Association Rules and Market Basket
Meet Priya. She runs a small corner grocery, and at the end of each day she has a stack of till receipts. Every receipt is one shopper's basket: a list of what that one person bought. Priya has a hunch that bread and butter keep turning up on the same receipt, and she is tempted to move them onto the same shelf. But she pauses. Bread is on almost every receipt anyway. Maybe bread and butter just look connected because bread is popular, not because the two go together. How can she tell a real buy-this-with-that pattern from a coincidence?
That question, asked over a pile of baskets, is market basket analysis, and the tool below is where this lesson lands. Pick a rule like "if bread, then butter" and read its three numbers. By the end you will know exactly what each one means and which one settles Priya's question.
In Lesson 7 you drew a 2-D map to see which data points group together. Here we drop geometry entirely and ask a different unsupervised question: not "which points cluster?" but "which items get bought together?" No target variable, no labels, just baskets and the patterns hiding in them.

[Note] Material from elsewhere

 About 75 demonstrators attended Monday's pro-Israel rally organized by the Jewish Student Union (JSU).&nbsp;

By the end of this lesson you will be able to:
- Read a set of baskets as transactions and name the parts of a rule \(X \Rightarrow Y\)

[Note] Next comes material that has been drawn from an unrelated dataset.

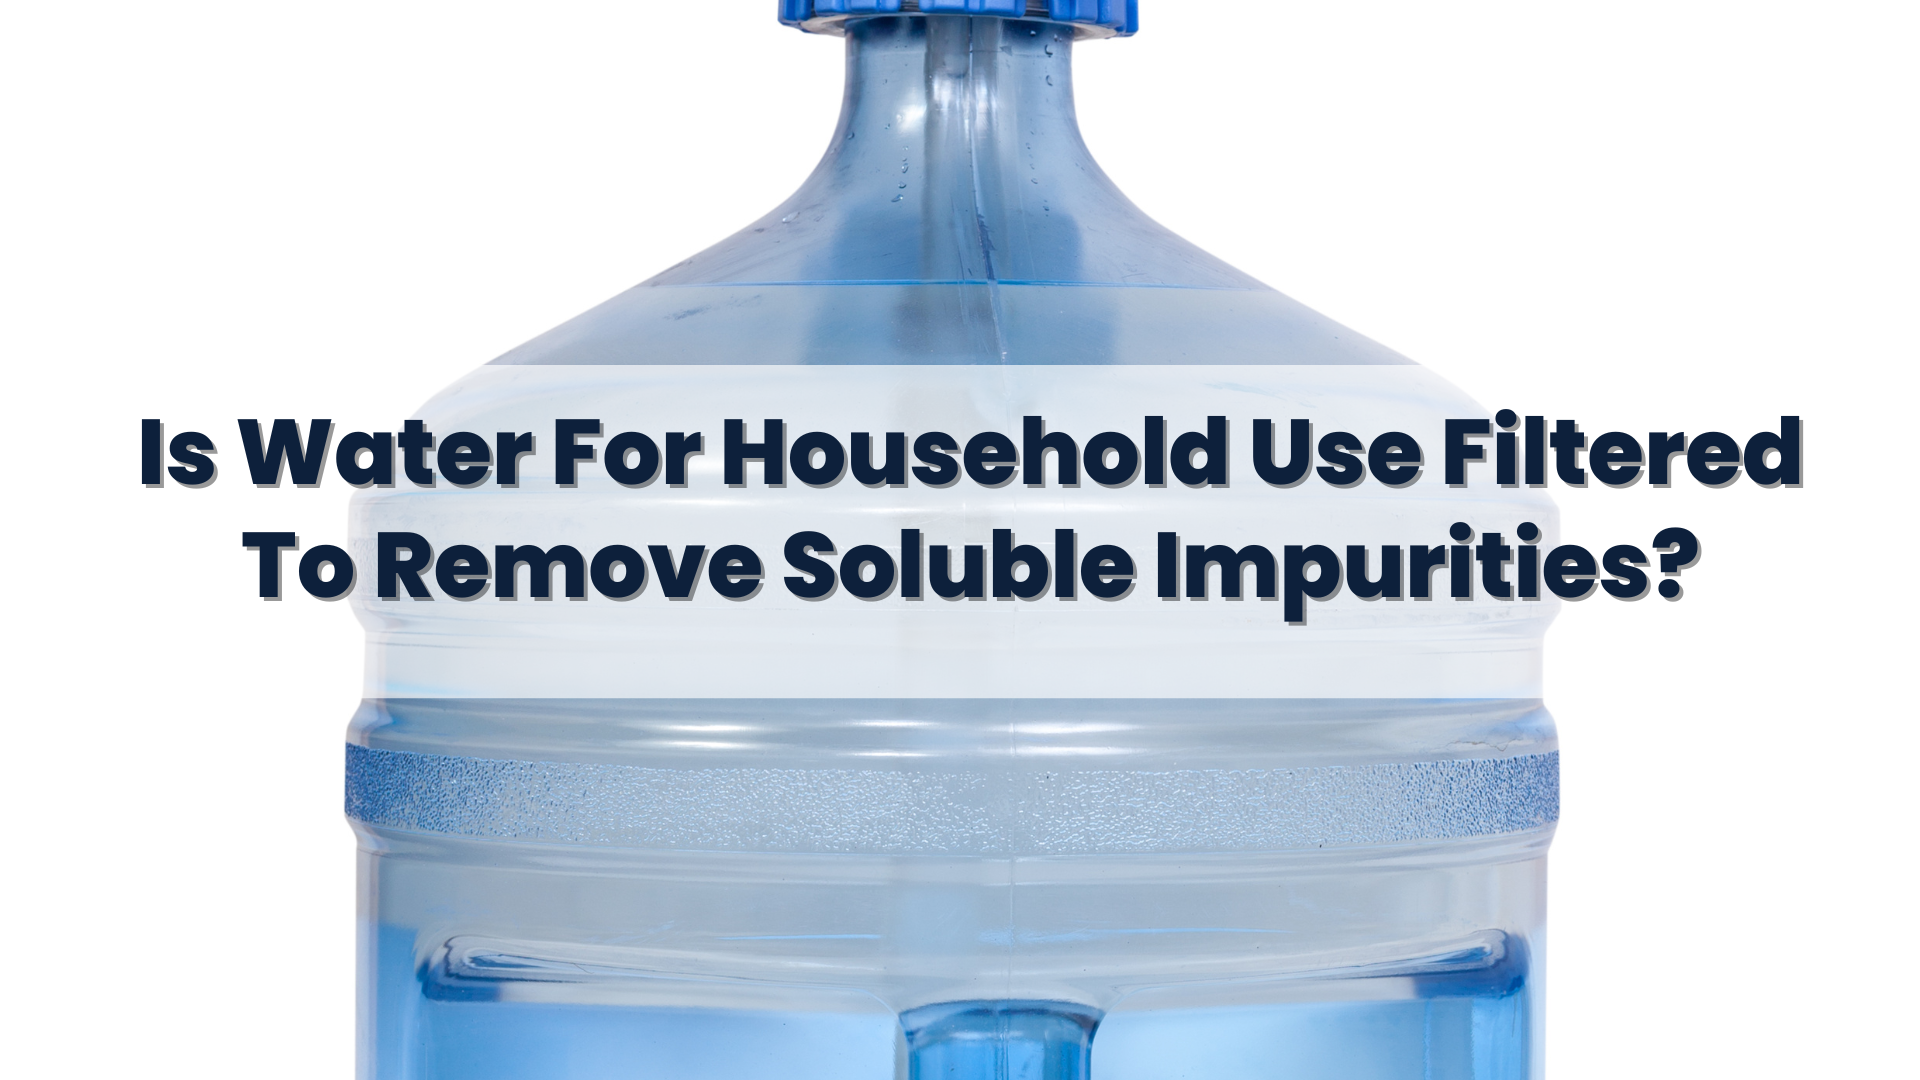 Is water for household use filtered to remove soluble impurities

- Compute support, confidence, and lift by hand, and say what each measures
- Explain why confidence alone misleads, and how lift settles Priya's bread-and-butter question
- Mine and rank rules at scale with the
arulespackage, and read them honestly
Prerequisites: you can run R and read its printed output, and you know what a proportion is ("4 of 10" is 0.4). No earlier lesson in this course is required; this is a fresh question. The course landing lists the rest.

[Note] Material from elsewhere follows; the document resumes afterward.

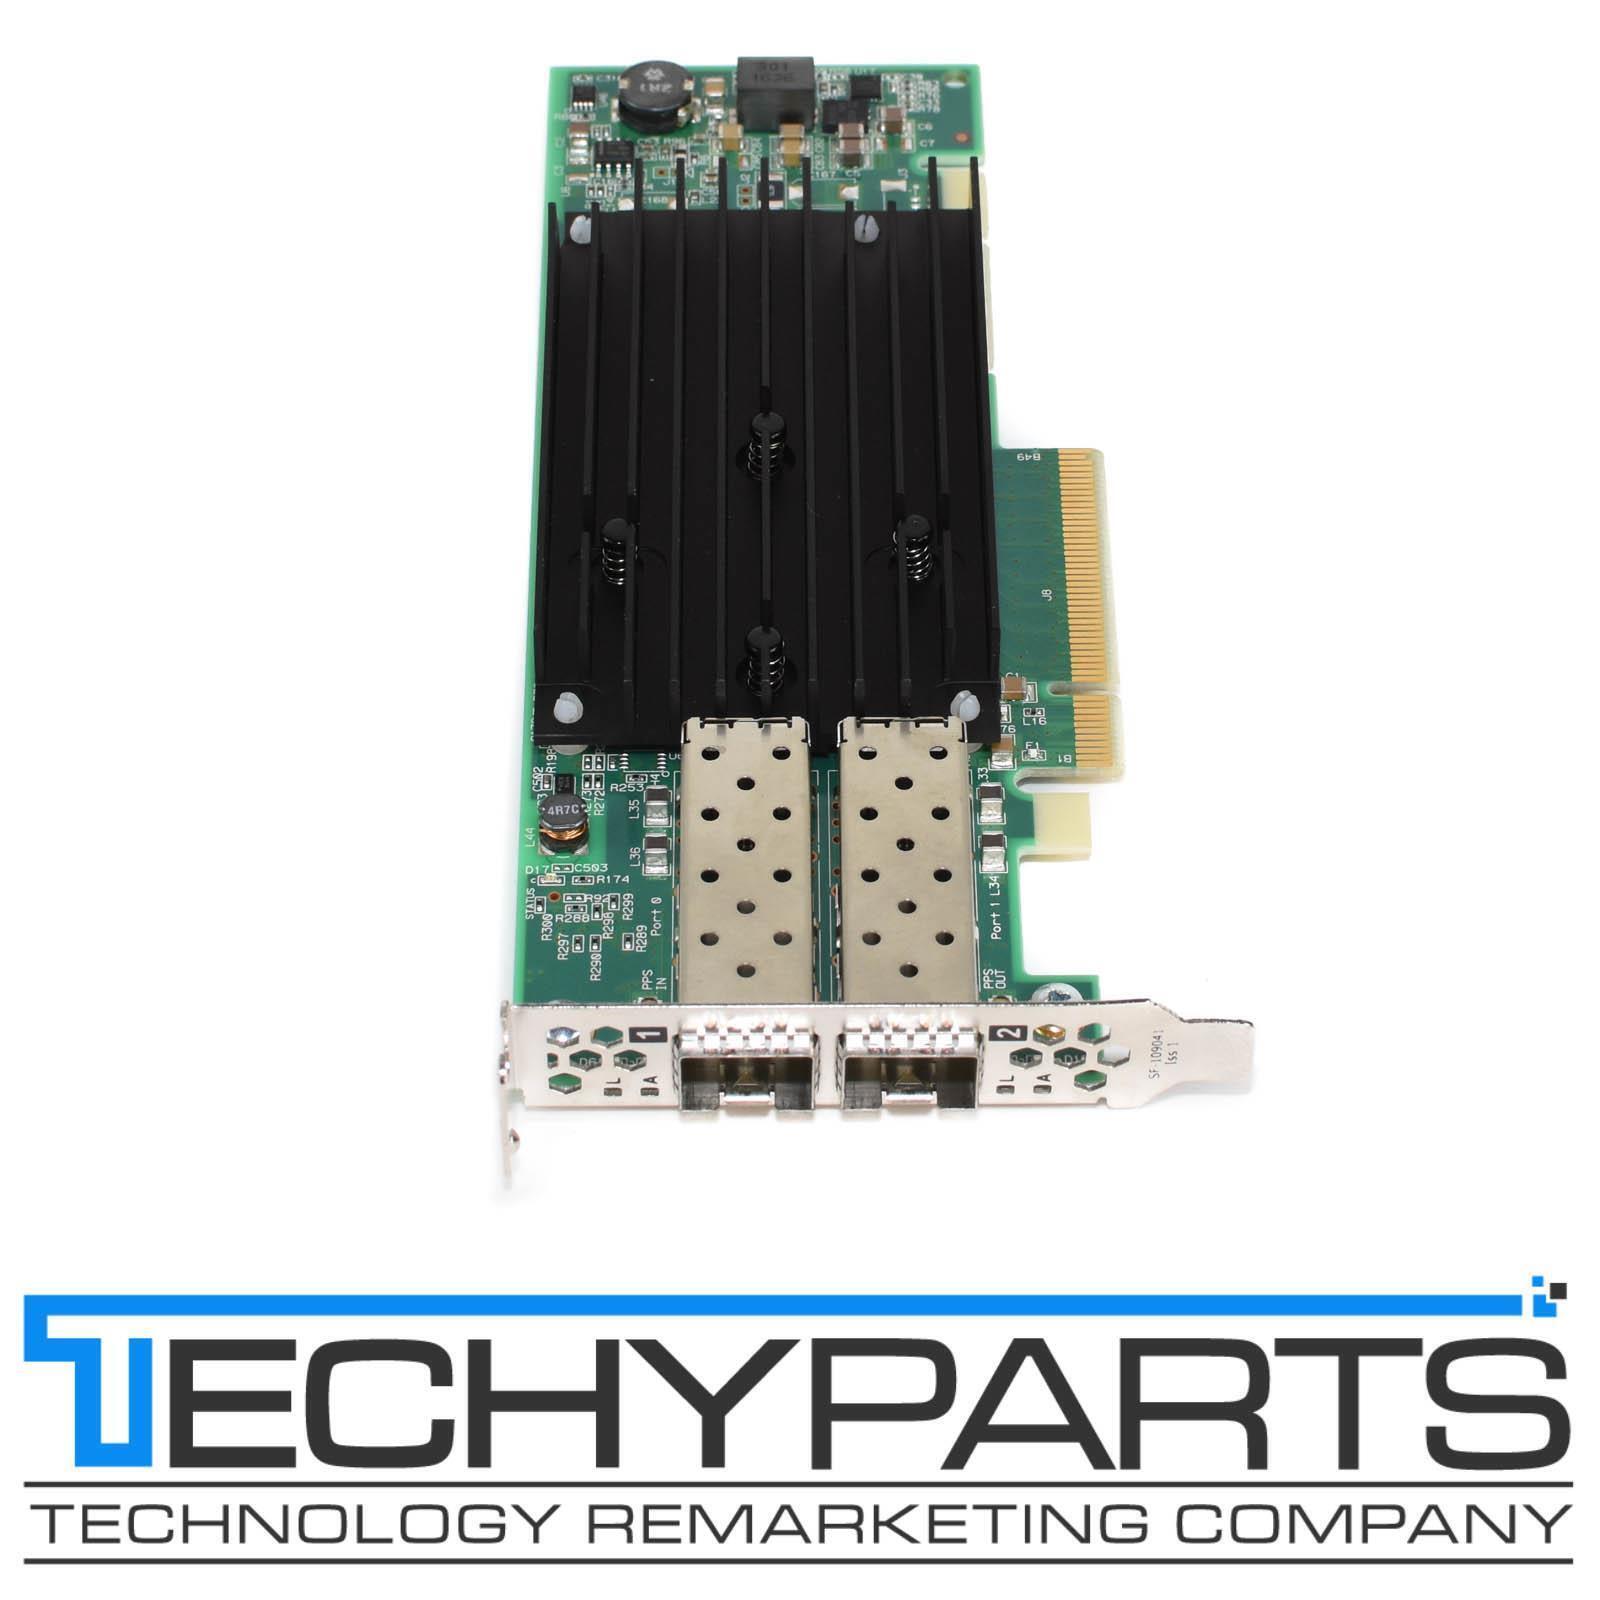 SolarFlare SFN8522 Onload 2-Port 10Gb/s PCIe 3.1 x8 Ethernet Adapter NIC SFF

The receipts: transactions and itemsets
Here is Priya's day: ten receipts. Each row is one shopper's basket.
| Receipt | Items |
|---|---|
| 1 | bread, butter, milk |
| 2 | bread, butter |
| 3 | bread, milk |
| 4 | beer, chips |
| 5 | bread, butter, jam |
| 6 | beer, chips, salsa |
| 7 | bread, butter |
| 8 | milk, cereal |
| 9 | beer, chips |
| 10 | bread, jam |
Three words name what we are looking at. A transaction is one basket (one receipt). An item is one thing on it (bread, milk). An itemset is any group of items, like {bread, butter}. And an association rule is written \(X \Rightarrow Y\), read "shoppers who buy the items in \(X\) also buy the items in \(Y\)." The left side \(X\) is the antecedent ("if"), the right side \(Y\) is the consequent ("then"). "If bread, then butter" is the rule \(\{\text{bread}\} \Rightarrow \{\text{butter}\}\).
Since this page runs in its own fresh R session, let us type Priya's receipts in as a list, one basket per entry, and count how often each item shows up.
Bread leads at 6 receipts out of 10. Hold on to that number: it is the reason Priya's hunch needs a second look.